We take the security of Trigger.dev seriously — for both our Cloud service and self-hosted deployments. This document explains how to report a vulnerability and what to expect from us.
Please do not report security vulnerabilities through public GitHub issues, pull requests, or our Discord.
Use one of these private channels instead:
- GitHub (preferred): Open a private report from the repository's Security tab — click "Report a vulnerability" (direct link).
- Email:
security-advisories@trigger.dev
Please include as much of the following as you can:
- A description of the vulnerability and its impact
- Steps to reproduce, ideally with a proof of concept
- Affected version(s) and component(s)
- Any suggested remediation
If you report by email, we will open a private GitHub Security Advisory to track the issue. All reports — however they reach us — are tracked there.
| Stage | Target |
|---|---|
| Acknowledgement of your report | within 3 business days |
| Validation and severity assessment (CVSS 3.1) | within 1 week |
We assess severity using CVSS 3.1 and prioritise remediation accordingly:
| Severity (CVSS 3.1) | Target time to resolve |
|---|---|
| Critical (9.0–10.0) | 7 days |
| High (7.0–8.9) | 30 days |
| Medium (4.0–6.9) | 90 days |
| Low (0.1–3.9) | As needed |
These are best-effort targets, measured from the point we validate and accept a report — not guarantees. Real-world exploitability may lead us to escalate an issue beyond its base score.

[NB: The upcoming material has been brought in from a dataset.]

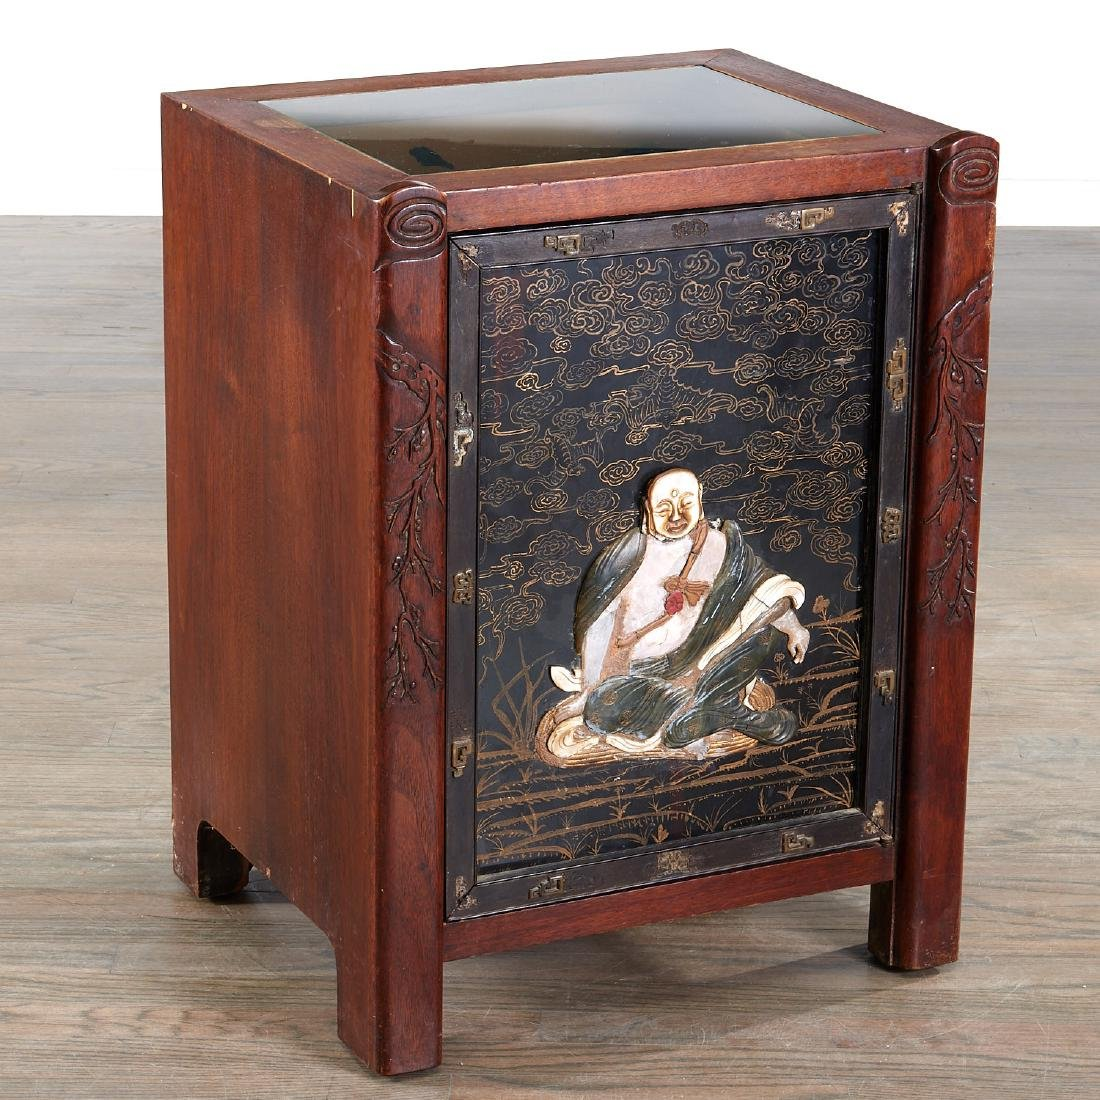 Chinese jade inlaid hardwood cabinet

We follow coordinated disclosure. Please give us a reasonable opportunity to investigate and ship a fix before any public disclosure. Our default disclosure window is 90 days from acceptance, though we aim to resolve issues sooner.
Once a fix is released we publish a GitHub Security Advisory (and request a CVE where applicable), and we credit reporters unless you ask to remain anonymous.
We patch the latest released version line only. Self-hosters should run the latest version-tagged release to receive security fixes. See the self-hosting documentation.